Original language: English

Original title: The Maniac

Year of publication: 2023

Translation: Benjamin Labatut

Valuation: Highly recommended high

It’s not easy to condense MANIAC into half a dozen paragraphs. We could say that it is a triptych about reason and madness (that the dream of reason produces monsters), a metaphysical-mathematical novel about the dangers of technology, about men who played at being gods who do not play dice. , about half-open Pandora’s boxes, etc. So many things contained in 400 pages that, at least two thirds of them, remind me a lot of Zelig, that Woody Allen film about a chameleon-like man in which the New Yorker used the documentary form to build the biography of the character. . Let’s not get ahead of ourselves.

There are three parts into which the text is divided, the second and largest being the center of a work that extends its tentacles towards the past and the future.

The first of them tells the story of the physicist Paul Ehrenfest and his growing death drive as a result of perverse rationality that was beginning to take root around him. A really brutal and disturbing beginning that brings to mind The tunnel by Ernesto Sábato (curiously or not, a physicist and mathematician before a writer and who abandoned science due to an existential crisis).

In the central part, which occupies 170 of the 400 pages of the book, the biography of the Hungarian Janos Lajos Neumann is fictionalized, who became Johnny Von Neumann once he emigrated to the United States and JVN for us, a fascinating and contradictory character (brilliant and childish, selfish and cruel genius, obsessive visionary), who in his 54 years of life created the first modern computer, laid the mathematical foundations of quantum mechanics or game theory, participated in the creation of the bomb atomic, prophesied artificial intelligence, etc. As I said before, JVN’s biography is constructed in the form of a false documentary / journalistic report based on true facts and testimonies from 15 people who accompanied the “genius” in life: colleagues, friends, wives, daughter, etc. With this, what Labatut achieves, in addition to covering the entirety of JVN’s life and work, is to suggest an infinite number of questions and doubts and hence that mathematical-metaphysical aspect that he spoke of.

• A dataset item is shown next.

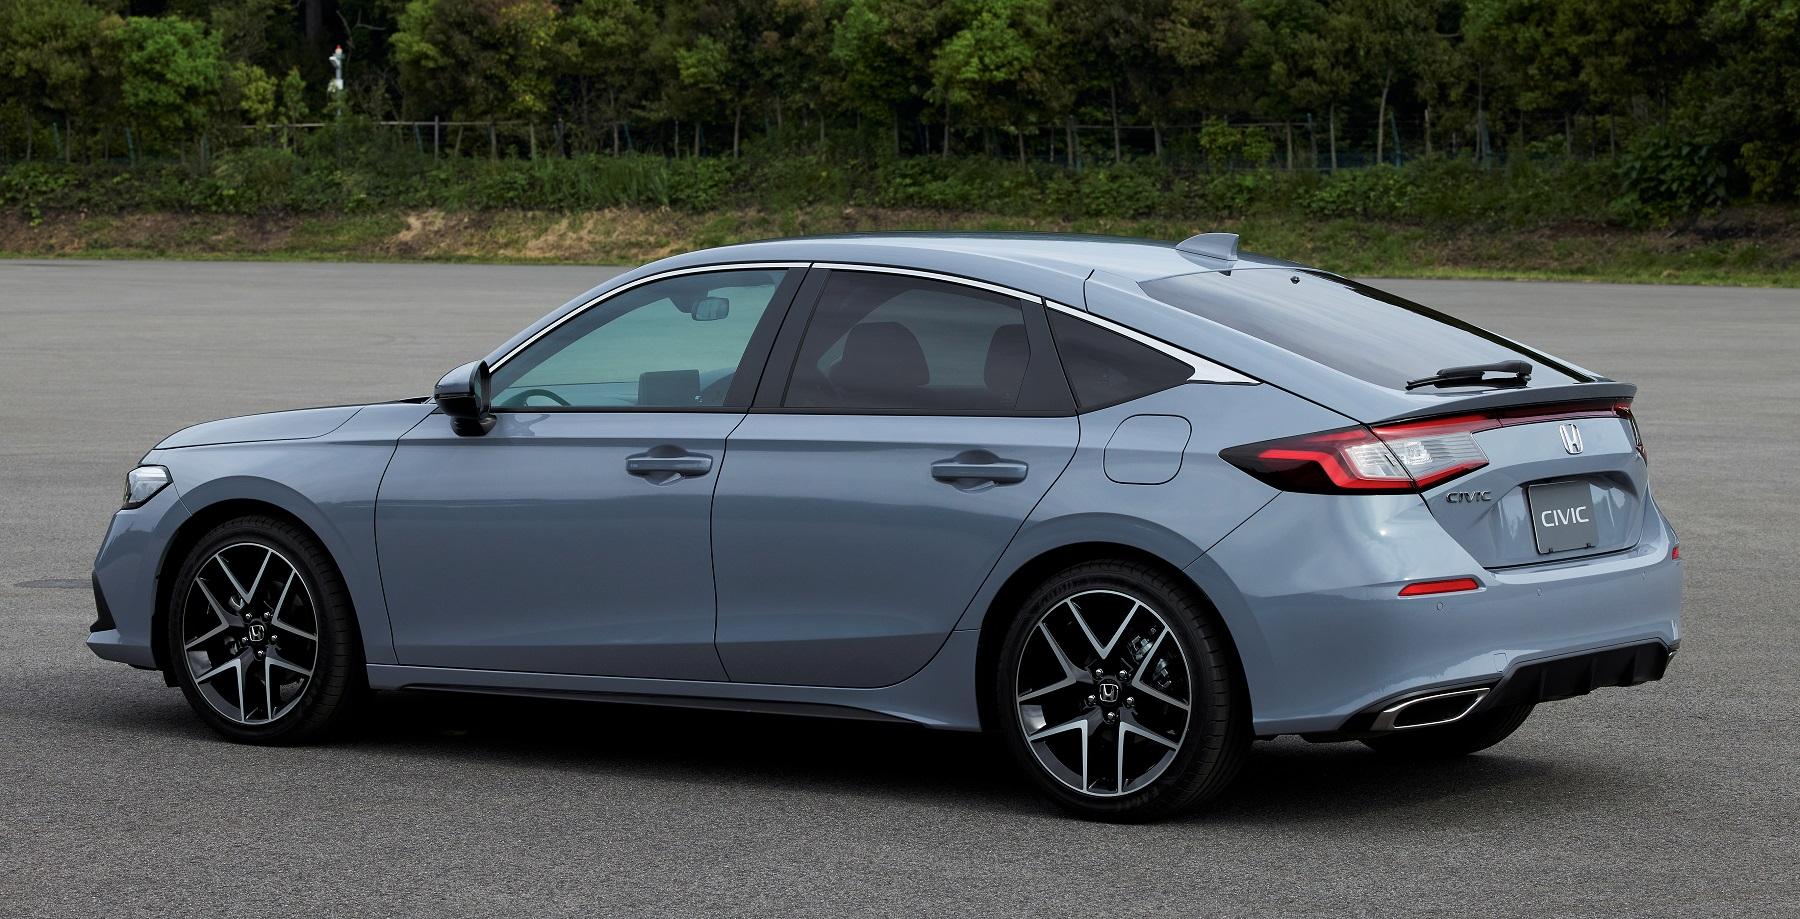 2022 Honda Civic Hatchback - Japan Market Model

Finally, the final 100 pages bring us closer to the future interviewed by JVN and tell us about the challenge between Lee Sedol, the best Go player of his time, and Alpha Go, an advanced artificial intelligence system. We contemplate, thus, the advance of the technologies developed or prefigured by JVN and company, we stand, this time, face to face with the machines, and we witness, between fascinated and trembling, the terrifying beauty of the possibilities that they suggest.

I think there are two main successes or virtues of Labatut in this work. On the one hand, the chosen structure, with multiple voices, and their temporal location, many years after JVN’s death, give rise to varied readings, different interpretations of the character’s life and creations; On the other hand, the pace with which Labatut handles the narrative makes such “arduous” topics as nuclear physics, quantum mechanics or the game of Go become something truly exciting. In this sense, Labatut recalls the best Bolaño, capable of giving a dizzying pace to any narrative, whether it is about Nazi writers, horrible crimes or realvisceralist delusions.

The only thing that “clouds” the assessment of the book and does not place it in the essential category is the excessively “Wikipedia” nature of the text. And this leads me to wonder if Benjamín Labatut is a genius or a snake charmer, a great writer or a magician extremely skilled in his sleight of hand. To clarify this doubt (and because, whatever the case, I have enjoyed MANIAC like a dwarf) I have already ordered A terrible green. I will review it in a few weeks. It is said.